-- WHAT IS REQUIRED --
For the entries below, the result should be an exact transcription of the lines from the one with "Visuele Luonto Flashcards" up to and including the one with "Venezianische Architektur und", and only those.

Top of STORED DATA

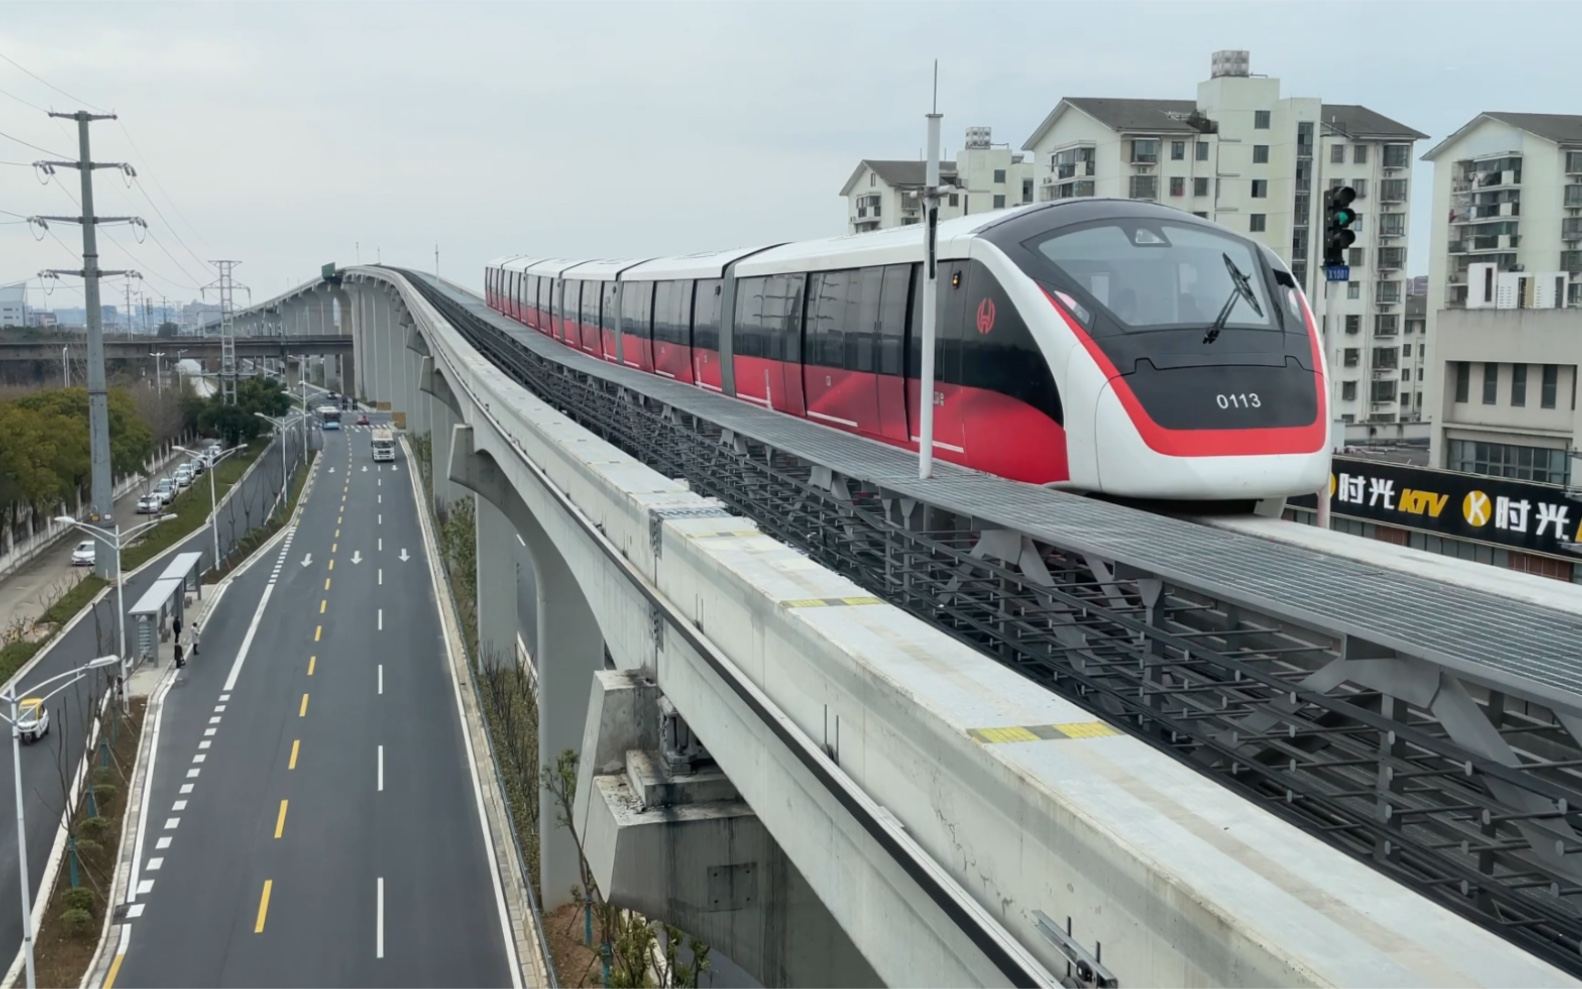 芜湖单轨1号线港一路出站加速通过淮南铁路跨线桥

Bottom of STORED DATA
Top of STORED DATA

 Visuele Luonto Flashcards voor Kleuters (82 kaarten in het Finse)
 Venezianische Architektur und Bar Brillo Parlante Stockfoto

Bottom of STORED DATA
Top of STORED DATA

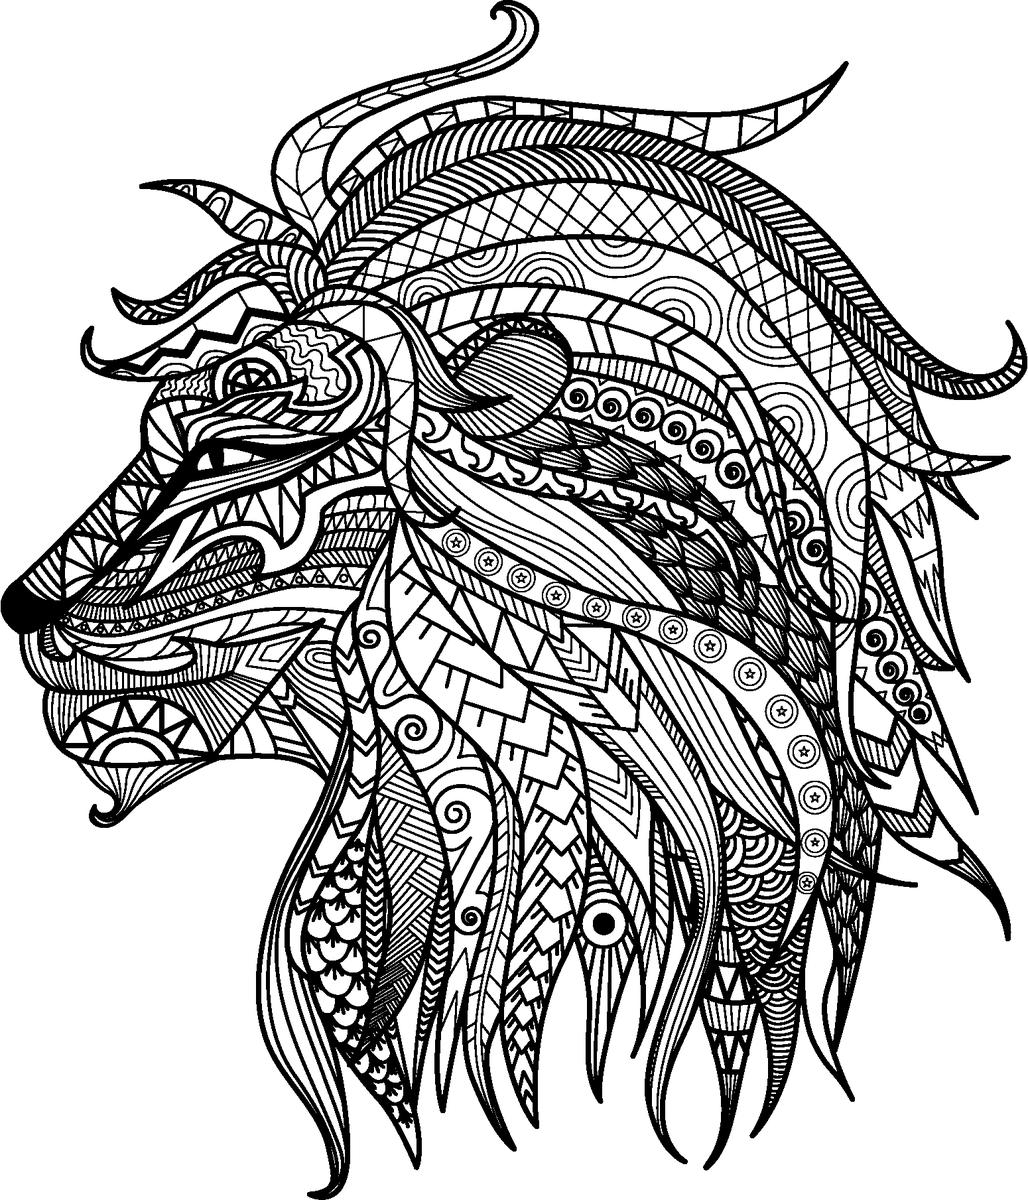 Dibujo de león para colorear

Bottom of STORED DATA

-- ANSWER SPACE --
 Visuele Luonto Flashcards voor Kleuters (82 kaarten in het Finse)
 Venezianische Architektur und Bar Brillo Parlante Stockfoto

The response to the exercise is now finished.